What becomes necessary is a much more tactical, reactive approach to managing system operations and determining where best to make investments. At some point, software models become necessary to both plan and operate the system. It appears that machine learning and artificial intelligence will become necessary to effectively develop scenarios that can accurately predict and plan what a system is going to look like. Planners will then need to assess that machine output and develop action plans to implement it.
As integrated resource planning in this environment slowly becomes obsolete, it is being replaced first by integrated distribution planning, and ultimately by the wider reaching integrated grid planning which incorporates resource planning, transmission and distribution planning, and grid modernization.
Distribution System Planning
As DERs proliferate, distribution system planning becomes more difficult. There’s far less visibility on a distribution system than on the transmission system. There are many more assets and moving parts on the distribution system, especially as customers make their own choices about installing distributed generation and localized energy storage.
Distribution system planning is evolving because of shorter planning horizons, increased level of detail (including DERs), and greater regulatory involvement. Common emerging distribution system planning elements include DER forecasting, DER locational value, hosting capacity analysis, circuit reporting, non-wires alternatives, and engaging stakeholders (including third-party service providers).
There are several additional tasks that make distribution system planning more difficult. Since distributed resource values are highly locational, optimizing their placement on the grid requires a process for calculating locational values. Hosting capacity analysis allows a utility to identify how much generation can be attached to a particular feeder before upgrades are necessary, which in turn informs third-party investments. Identifying poor-performing feeders can help inform investment needs and high-value, non-wire alternatives. Comparing traditional, wire-based investments with alternatives such as energy efficiency, demand response, distributed generation, and storage is a complicated process, but one that must be considered so as to eliminate system investments that will soon become stranded assets.

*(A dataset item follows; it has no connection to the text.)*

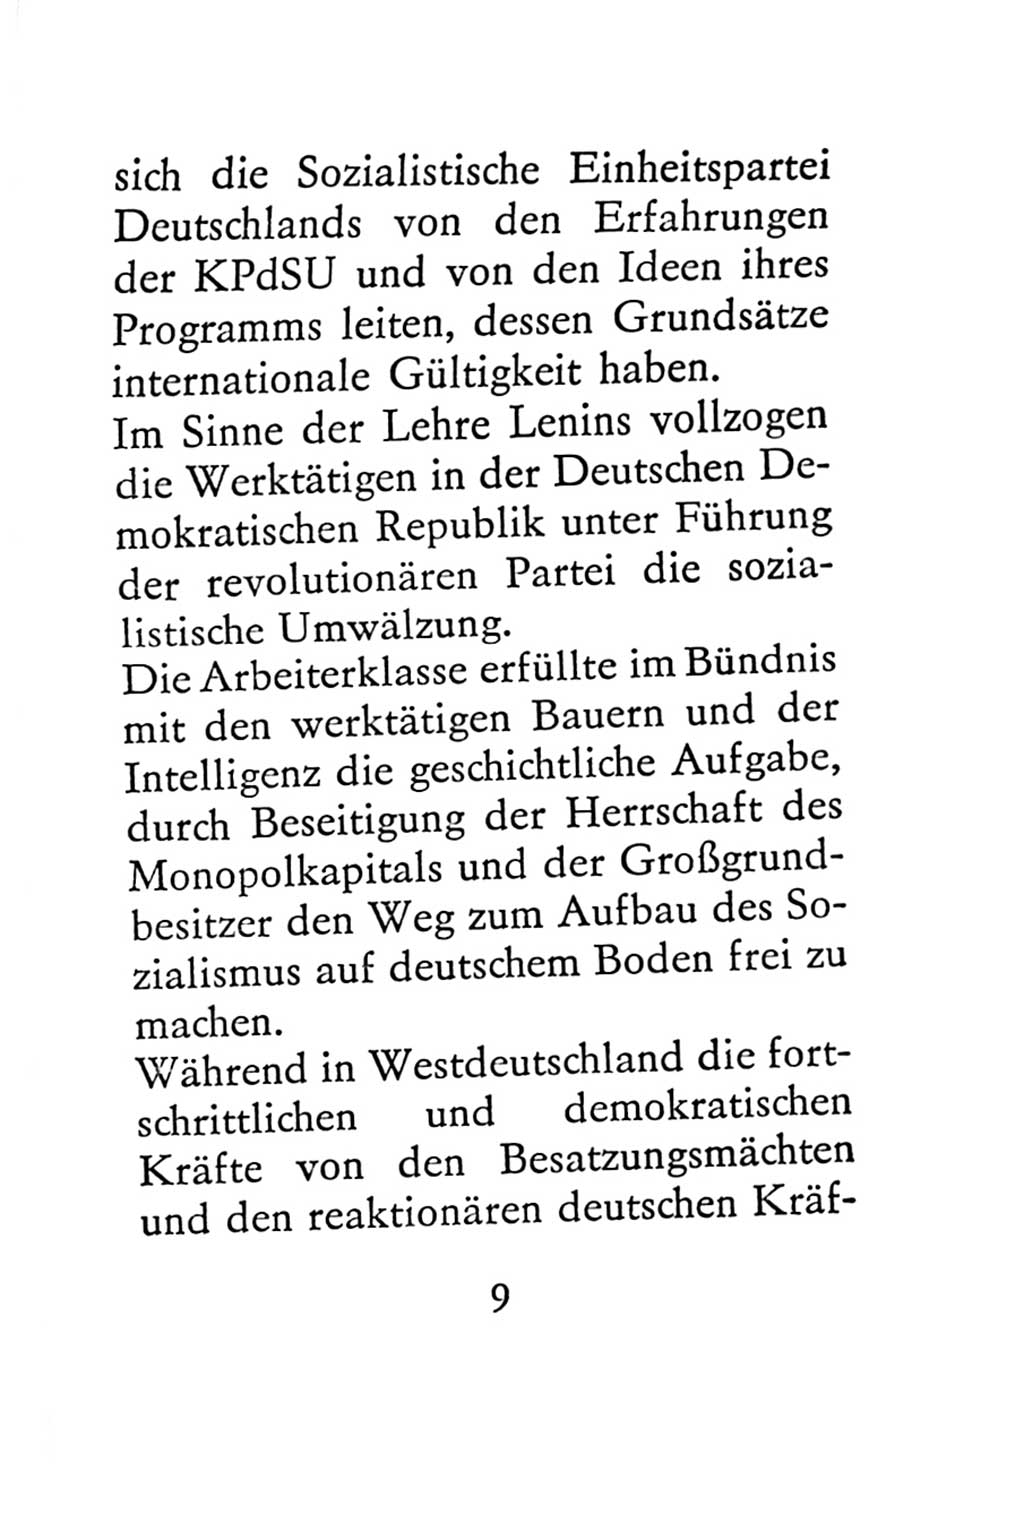 Statut der Sozialistischen Einheitspartei Deutschlands (SED) 1967, Seite 9 (St. SED DDR 1967, S. 9)

Enhanced distribution planning is already starting to take hold. New York’s Reform the Energy Vision (REV) initiative requires the state’s IOUs to develop and file distributed system implementation plans (DSIPs). The IOUs are deregulated wire companies, so these plans are agnostic to type of generation, especially customer-owned DERs. The content of the DSIPs is wide ranging, and includes technical components, market mechanisms, geographic penetration considerations, capacity markets, pricing mechanisms, reliability needs, and broad system components such as interconnection issues, distribution upgrades, economic congestion surrounding transmission options, and even subtransmission issues. These plans chart a new path for distribution system planning.
Grid modernization is essentially any activity that adapts the transmission and distribution system to incorporate or enable new technologies that improves reliability, resiliency, efficiency, and automation. These activities can include a broad array of technology, including:
- Data, systems, sensors, and communications networks that enable enhanced visibility and understanding of the distribution system and control of devices and resources connected to it.
- Technologies and equipment that facilitate greater customer engagement regarding energy usage and alternatives.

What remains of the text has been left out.